Dave Nemetz Reviews Black Rabbit: Jude Law And Jason Bateman Brighten Up Netflix's Grim, Dim Crime Drama

Jake seems to have it all. He's rich, he's handsome — he is played by Jude Law, after all — and he's just opened the hottest new restaurant in New York City. His brother Vince, though, just came back into town with a mountain of gambling debt... and his problems are about to become Jake's problems. It's the kind of story we've seen a million times before, of course: the good brother and the bad brother. But Netflix's new drama Black Rabbit (now streaming; I've seen the first four episodes) somehow makes it work, powered by exceptionally strong performances by Law and Jason Bateman. Even when the story falters under the weight of too many twists, Law and Bateman do everything they can to hold it together.
Bateman plays against type here as Vince, a former drug addict with scraggly long hair and an unkempt beard who reaches out to his brother Jake after years of silence when he has nowhere else to turn. It's a nice chance of pace for Bateman, who usually plays straight-arrow do-gooders like Arrested Development's Michael Bluth, and he's still charming enough that we can see how Vince has gotten away with his misdeeds for so long. But Jake doesn't buy his brother's bulls—t for a second, and their scenes together are Black Rabbit at its best; as they bicker back and forth, we can sense the years of resentment sitting just below the surface.

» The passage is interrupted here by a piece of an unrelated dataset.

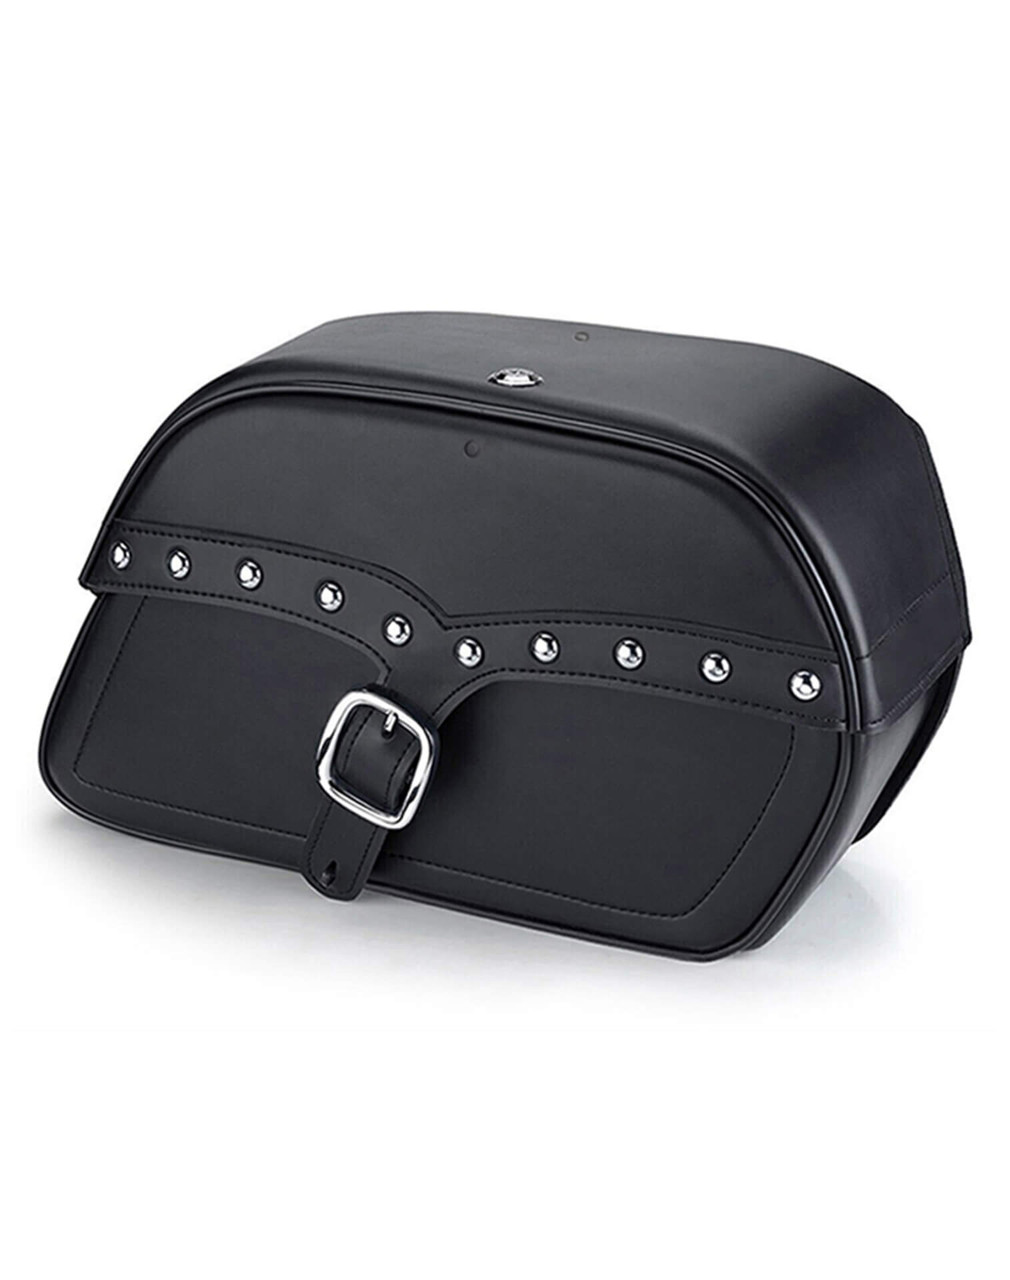 Honda 1500 Valkyrie Interstate Vikingbags Shock Cutout Single Strap Large Slanted Studded Leather Motorcycle Saddlebags Main Bag View

Co-created by Oscar-nominated screenwriter Zach Baylin (King Richard) and his wife Kate Susman, Black Rabbit plays like a mix of Bateman's earlier Netflix drama Ozark and The Bear, with an extra layer of gloom on top. (You might be asking: Can it get any gloomier than The Bear? Oh yes, it can!) The tone is persistently grim, in the style of Ozark, with dim, washed-out lighting — I had to brighten up these photos considerably just to make them visible — and bursts of gruesome violence. There's a sinister, unsettling vibe throughout, never letting you get too comfortable. (Bateman directs several episodes himself, as does his Ozark co-star Laura Linney.)
Jake and Vince's dynamic might feel like a cliché at first, but it gets more interesting than that. Vince actually had the vision for Jake's restaurant to begin with, and he makes a sincere effort to reconnect with his tattoo artist daughter Gen, played by Odessa Young. Jake has major skeletons in his closet, too; he's not exactly squeaky clean. Their desperation starts to climb, Uncut Gems-style, and as things get worse for Jake and Vince, Law and Bateman get even better. Oscar winner Troy Kotsur (CODA) also pops up as deaf crime boss Joe Mancuso, commanding the room without saying a word.

Black Rabbit does start out with one of my biggest pet peeves, though: a flash-forward to an exciting and dramatic moment in the future that is then put on pause so we can go back and fill in the backstory. (This highly annoying practice should be banned from all TV shows going forward.) It's also plagued by confusing time jumps, clunky dialogue that tells rather than shows and plot complications that get too complicated, bordering on overkill. I kept coming back, though, to see more of Law and Bateman. Law expertly lets us see the pressure building behind Jake's perfect veneer, and Bateman fleshes out Vince into much more than just a stereotypical sleazeball. In their complicated relationship, we find the kind of nuance that the rest of Black Rabbit is lacking.
THE TVLINE BOTTOM LINE: Jude Law and Jason Bateman make Netflix's grim crime drama Black Rabbit worth watching, even when the story crumbles around them.